The intensity profile will appear in the new graph. To obtain an emission spectrum of a specific area of the sample, hover the cursor over the cube image, right click, and click Rectangle Selection. Drag and click to draw the selection shape over the desired region.
Then right click on the region of interest and select Add Selection to Graph. In the Add to Graph window, select Create a New Graph to display the emission spectra of the target, and click okay. Then save the acquired spectrum before selecting a new region.
Here, a bright-field image of a crystal recorded after adjusting the sample in the proper focus is shown. The needle-like morphology of the crystal can be clearly observed. Here, images of the same crystal under UV excitation with either full illumination or locally confined illumination can be observed.

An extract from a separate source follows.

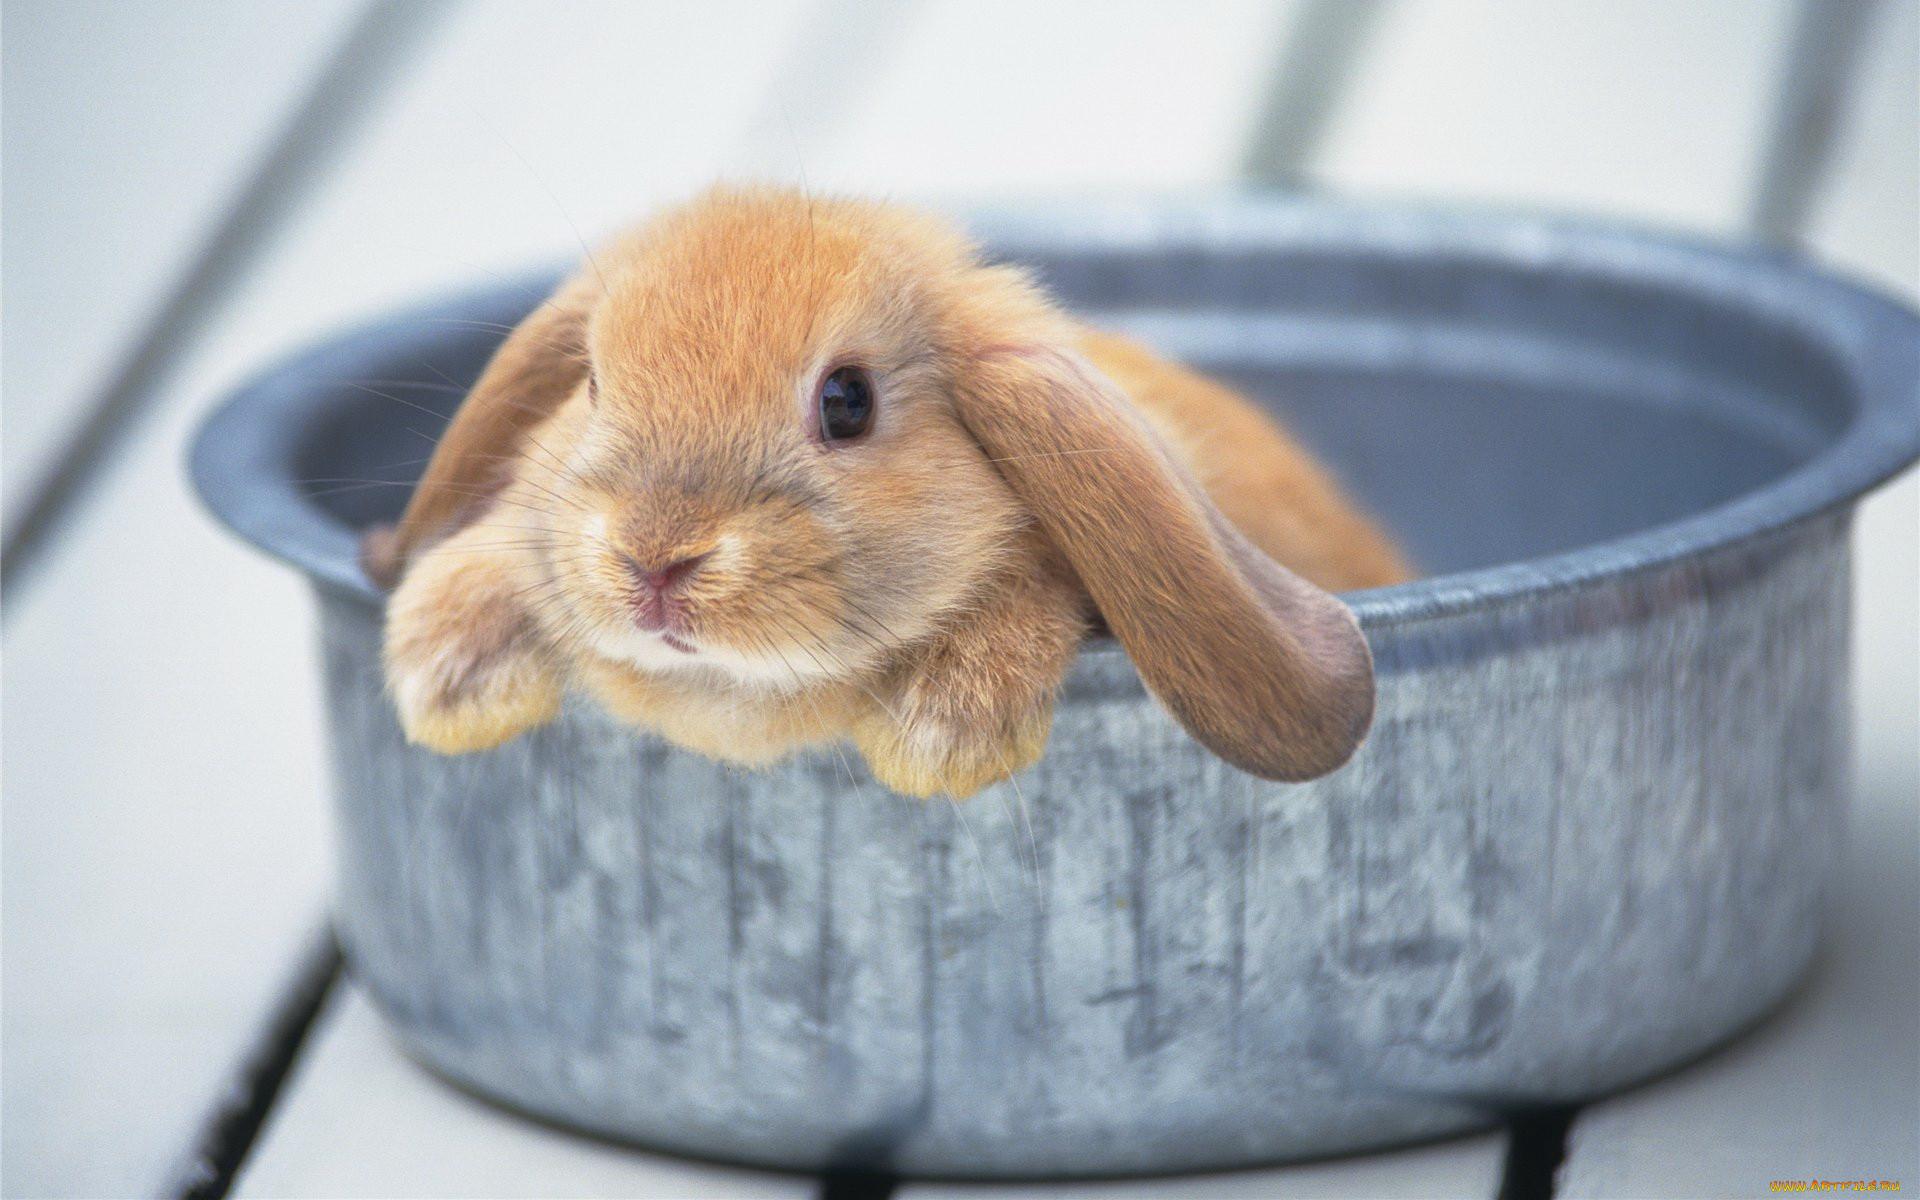 содержание милые картинки зайцев нет абсолютно

The confined illumination can be used to investigate the effects of energy or light transfer within the crystal that may trigger wave guide-like behavior. For example, in this image, a strong emission is detected in a point not directly under excitation, suggesting that efficient energy migration takes place through the crystal. From the acquired hyperspectral cube, it is also possible to obtain the spectral distribution in the form of an image, representing a specific wavelength.
The intensity profile of a specific emission wavelength and the emission spectra at any pixel or area of the acquired hyperspectral cube. For example, the emission spectra for this analysis shows the most characteristic emission bands of the europium ion. Moreover, the spatial profile along the different crystal faces indicates a brighter emission at the tip and side faces and can be correlated with the lanthanide/lanthanide ion distances in the three spatial directions.
To obtain a good signal in a reasonable recording time of the hyperspectral cube, it is important to adjust the microscope configurations, focus, and detector exposure time. Emissions UV excitation and visible emission, this technique can be performed using near infrared excitation and near infrared emission detection. This allows it to be applicable for a large array of luminescent materials.
Correlation of optical signals with an array of dependent features makes this technique very interesting for the investigation of structure/property relationships, including in-vitro assessment of nano-bio interactions.